Expression of GFP does not interfere with propidium iodide (PI) intensity measurements (IPI): to ensure that H2B-GFP nuclear association does not interfere with PI incorporation or PI fluorescence intensity measurement (IPI), IPI was compared in HeLa and HeLa H2B-GFP cells that were exposed, or not, to 1 nM LLO (Figure 3). In the absence of PI, there was a similarly low level of background fluorescence in HeLa and HeLa H2B-GFP, indicating that GFP does not bleed through PI fluorescence emission filters. In the presence of PI, but absence of LLO, there was a similar basal PI fluorescence emission in both HeLa and HeLa H2B-GFP that did not change over time.
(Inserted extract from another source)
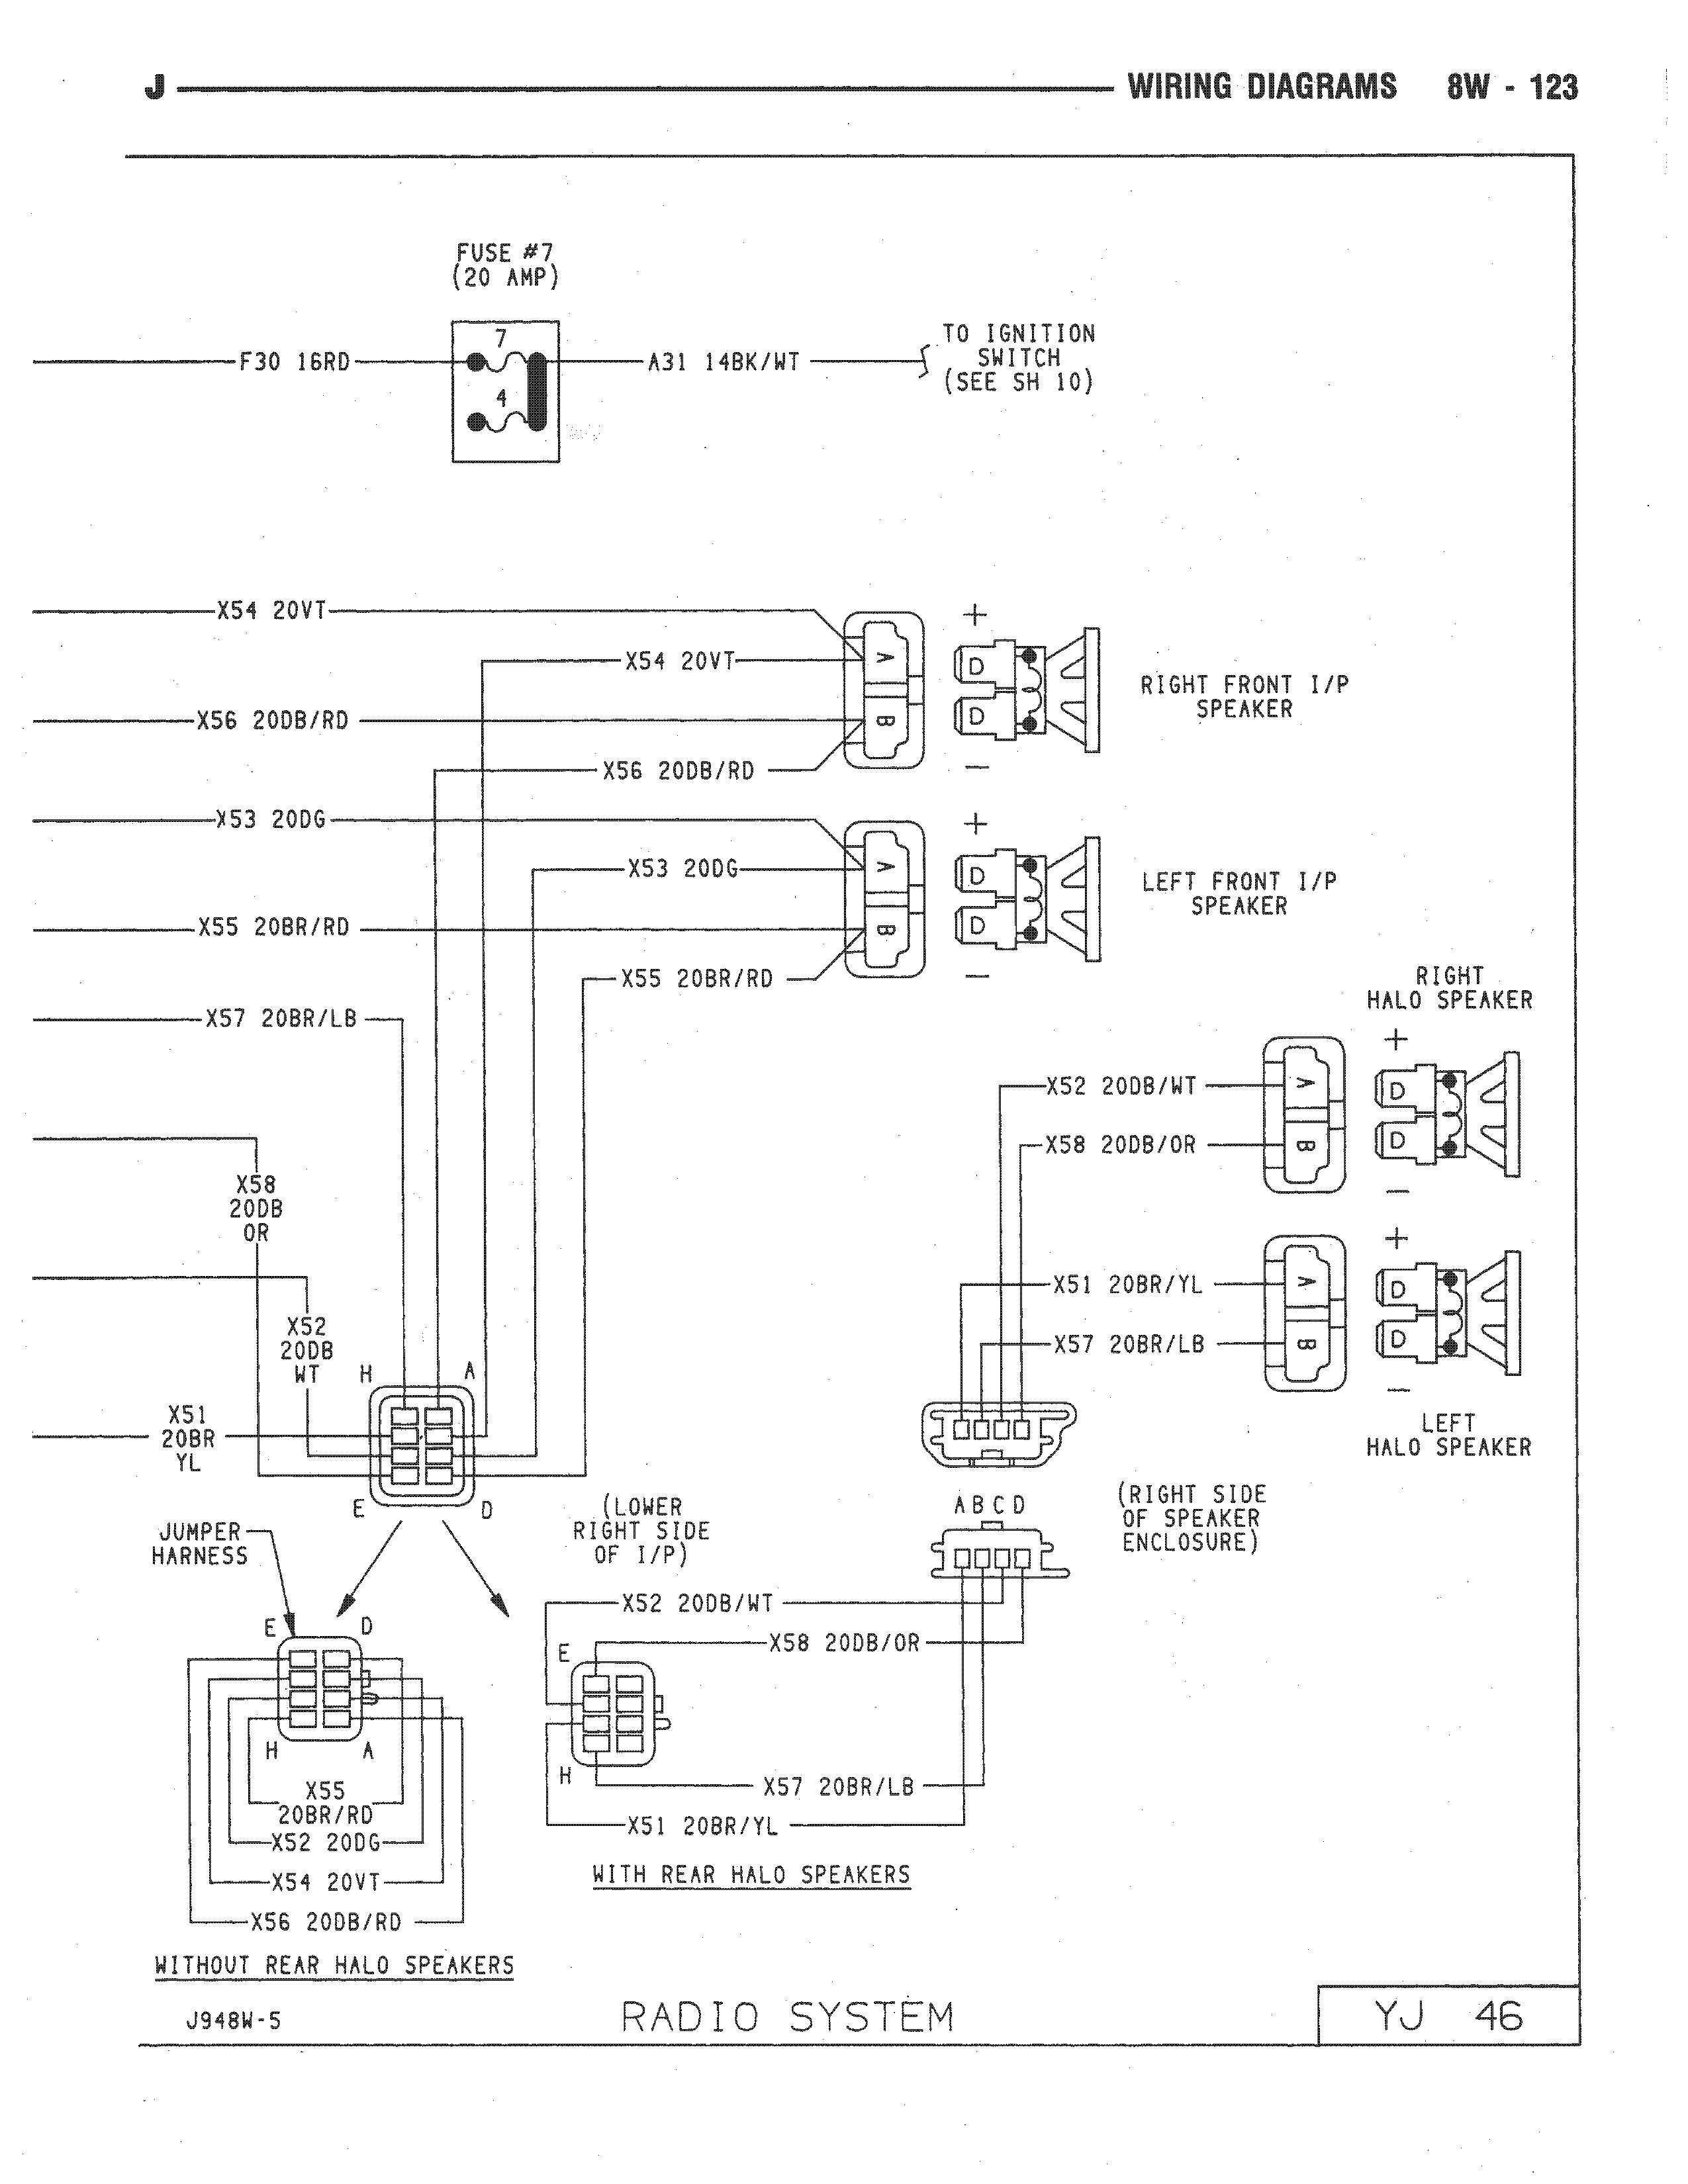 1996 jeep grand cherokee infinity gold amp wiring diagram new 1997 97 jeep grand cherokee wiring problems

This confirmed that expression of GFP does not affect measurement of PI fluorescence and indicated that PI does not penetrate non-damaged cells over the time frame of the experiment. Addition of LLO resulted in an increase in PI fluorescence over time that was similar in both HeLa and HeLa H2B-GFP. This increase is due to cell wounding by LLO combined with PI association with nucleic acids. Together, these results establish that expression of histone-2B-GFP does not affect PI incorporation or measurement of its fluorescence.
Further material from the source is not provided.